An occasional Gate series focusing on the work of STRIDE Scholars.

STRIDE Scholar Gets a Piece of the Rock

By Jennifer DeBerardinis ’11

STRIDE Scholar Katie Castagno ’12 grinds the rock in a geology lab.

Katie Castagno ’12 calls it “the rock,” a shiny black chunk of sediment she displayed recently in her geology research lab.

Formed around 720 million years ago, it offers much more than aesthetic appeal.
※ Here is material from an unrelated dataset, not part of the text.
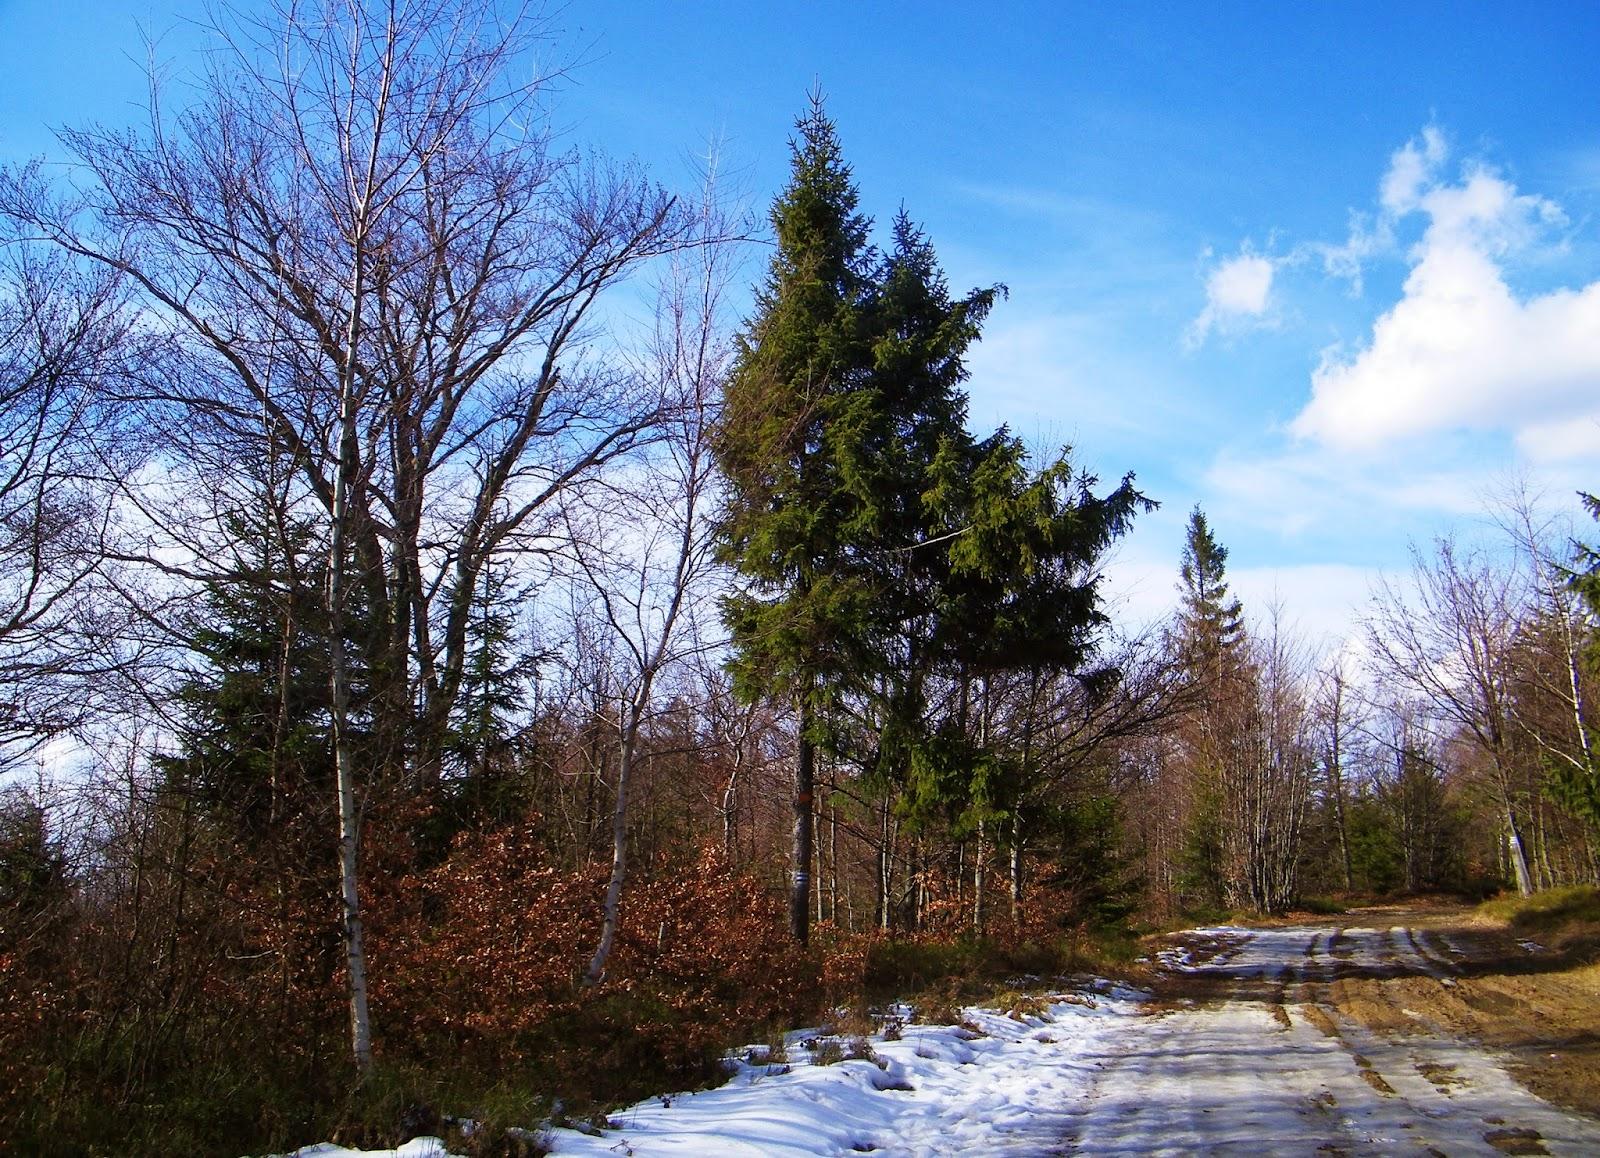 Szlak na Czupel - Beskid Mały
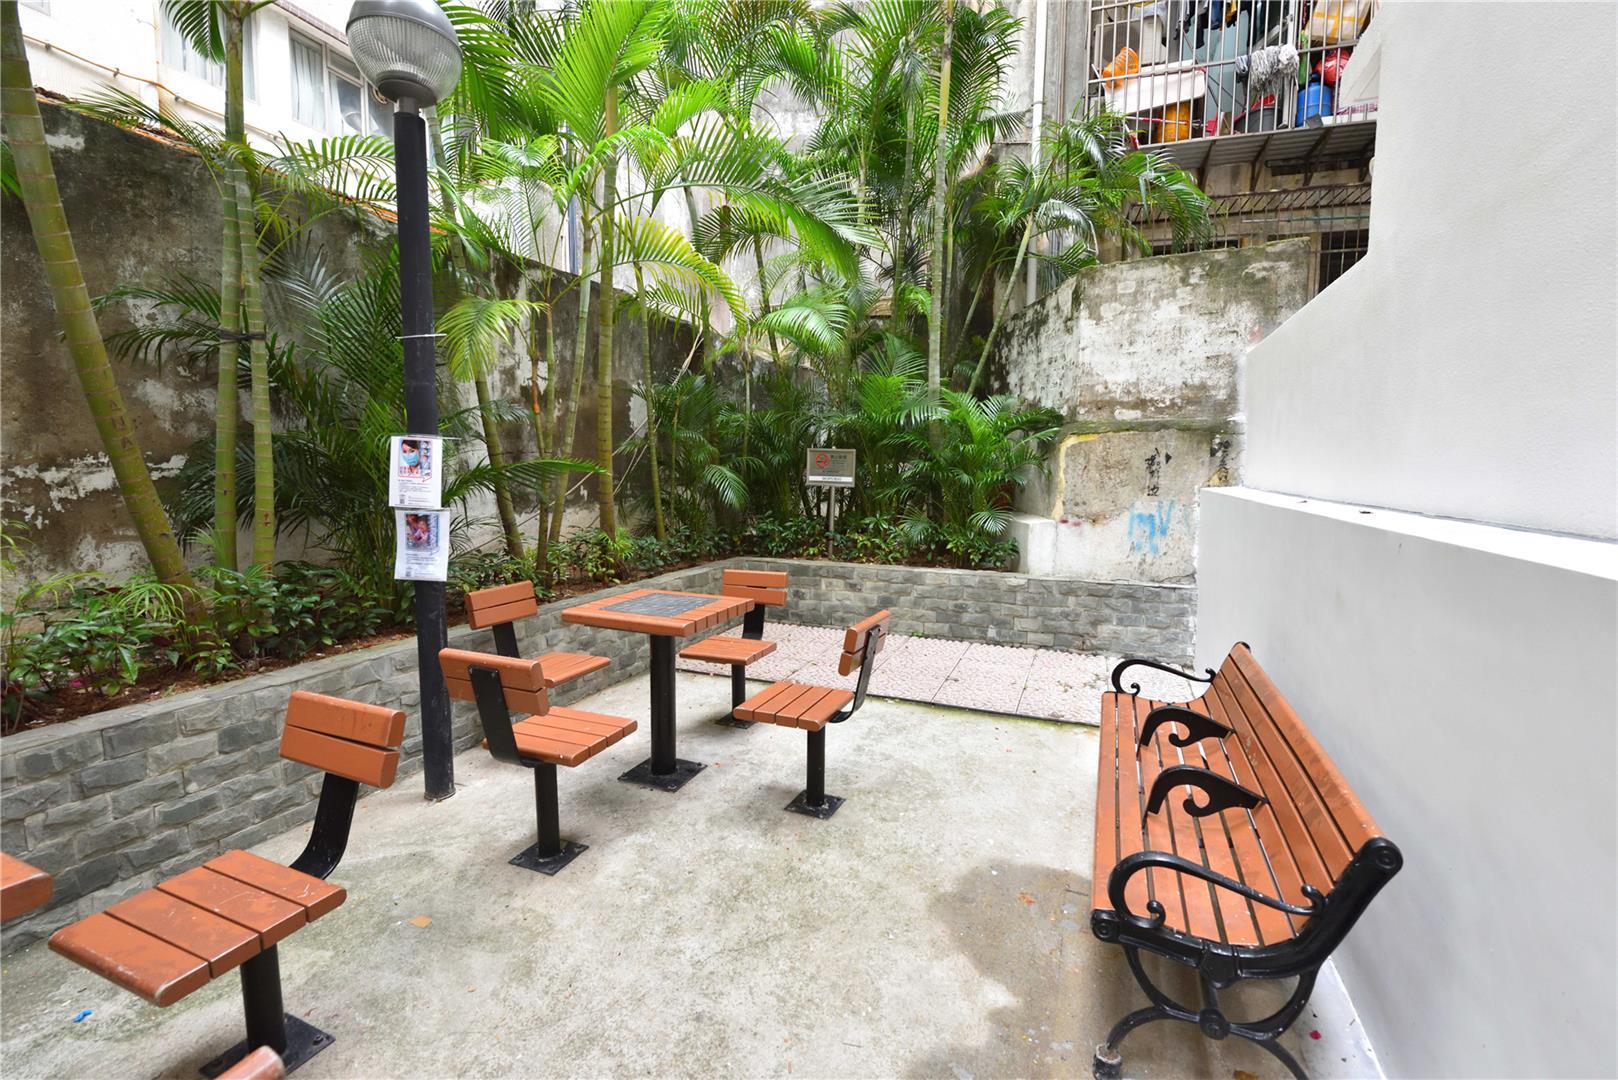 Temporary Leisure Area in Rua de Inácio Baptista

It’s full of what geologists call “roll-up structures”: light, thin lines folded on top of each other throughout the fist-sized sediment sample, an extremely rare geologic configuration.

It may not seem like much to the non-geologist, but these unusual folding structures can provide valuable insight to a time period called Snowball Earth, when the entire globe is believed to have been entombed in ice, said Sara Pruss, assistant professor of geology. 

The small rock is so important, in fact, that Pruss and Castagno, who is working alongside Pruss as a STRIDE (Student Research in Departments) program scholar, are devoting at least a year to its study. 

STRIDE scholarships are paid research assistantships with Smith professors in a variety of disciplines. The two-year scholarships are offered each year to promising first-year students to provide valuable experience in academic discovery. In the past two years, the program has matched 96 students with professors in more than 30 academic areas.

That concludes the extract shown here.